Speaking of friends, status may be a primary reinforcer specific to social animals. I don’t know if being able to literally feel reinforcement going on is a real thing, but I maintain I can feel the rush of reward when someone gives me a compliment. If that’s too unscientific for you, consider studies in which monkeys will “exchange” sugary juice for the opportunity to look at pictures of high status monkeys, but demand extra juice in exchange for looking at pictures of low status monkeys.
Although certain cynics might consider money and status an exhaustive list, we may also add moral, aesthetic, and value-based considerations. Evolutionary psychology explains why these might exist and Bandura called some of them “internal reinforcement”.
But more complicated reinforcers alone are not sufficient to bridge the gap between lever-pushing pigeons and human behavior. Humans have an ability to select for or against behaviors without trying them. For example: most of us would avoid going up to Mr. T and giving him the finger. But most of us have not personally tried this behavior and observed the consequences.
Is this the result of pure reason? No; the rational part of our mind is the part telling us that Mr. T is probably sixty years old by now and far too deep in the media spotlight to want to risk a scandal and jail time by beating up a random stranger. So where exactly is the reluctance coming from?
GENERALIZATION
Roko wrote in his post Ugh Fields that “your brain propagates psychological pain back to the earliest reliable stimulus for the punishment”. This deserves more investigation.
Suppose you did go into a bar one night, see Mr. T, give him the finger, and get beaten up. What behavior would you avoid in the future based on this experience? The event itself does not immediately provide enough information to distinguish among “don’t go into bars”, “don’t go out at night”, “don’t interact with people who have facial hair”, and the correct answer “don’t offend scary-looking people”. This information has to come from your pre-existing model of reality, your brain’s evolved background assumptions, and some clever guesswork.
Let’s get back to the hilariously unethical experiments. Little Albert was an eight month old child who briefly starred in an experiment by behaviorist John Watson. Watson showed him a fuzzy white rat. Albert seemed to like the rat well enough. After Albert liking the rat had been confirmed, Watson showed him the rat again, but this time also played a very loud and scary noise; he repeated this intervention until, as expected, Albert was terrified of the white rat.
But it wasn’t just fuzzy white rats Albert didn’t like. Further investigation determined that Albert was also afraid of brown rabbits (fuzzy animal) and Santa Claus (fuzzy white beard). With his incipient powers of categorization, he had learned to associate punishment with a broad category of things vaguely clustered around fuzzy white rats.
B.F. Skinner had an even more interesting experiment that showed what happened when feedback of consequences went wrong. He put pigeons in a box that gave them rewards randomly. The pigeons ended up developing what he called “superstitions”; if a reward arrived by coincidence when a pigeon was tilting its head in a certain direction, the pigeon would continue tilting its head in that direction in the hope of gaining more rewards; when the reward randomly arrived, the pigeon took this as “justification” of its head-tilting and head-tilted even more2.

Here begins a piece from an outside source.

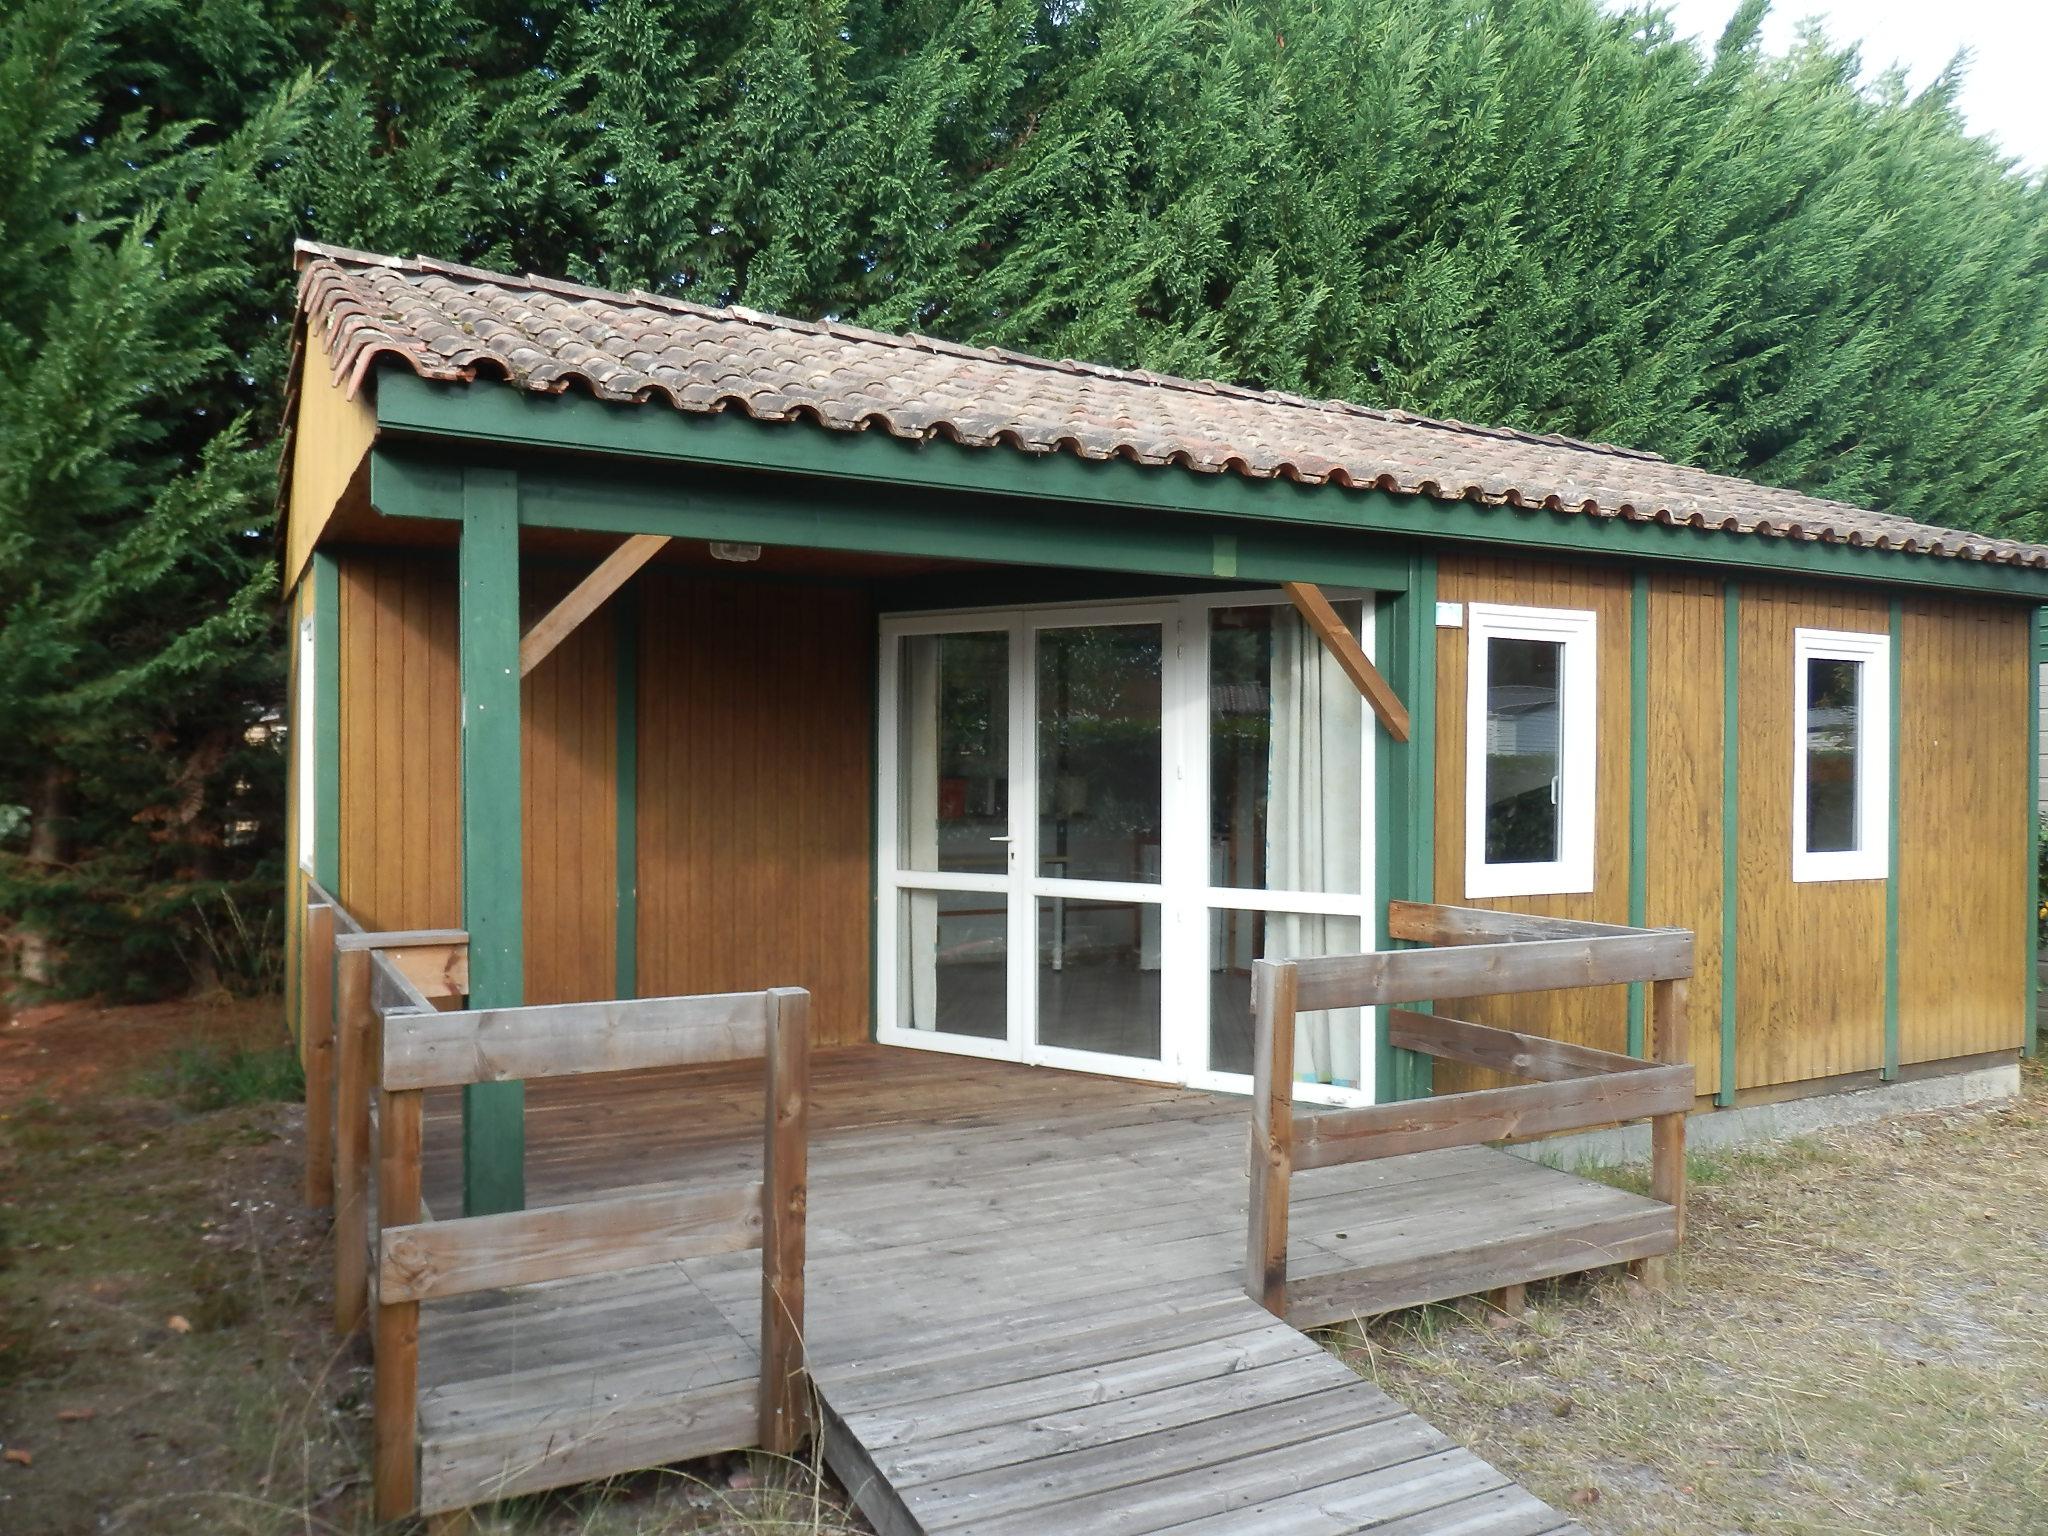 Casa prefabricada barata c diz mitad de madera mitad de - Casas de madera cadiz ...

This provides one piece of the puzzle in the Mr. T question. None of us have ever given Mr. T the finger before. But we may have offended scary-looking people and had bad things happen to us, which our brains correctly generalize to “don’t offend scary-looking people”.
SOCIAL LEARNING
Or maybe not. Maybe you’ve never offended a scary-looking person before. what then?
Social learning theory is held up as opposed to behaviorism a lot, but it seems more like a natural extension of it. Humans and animals learn behaviors not just by being rewarded or punished themselves, but in observing whether a behavior is rewarded or punished in others.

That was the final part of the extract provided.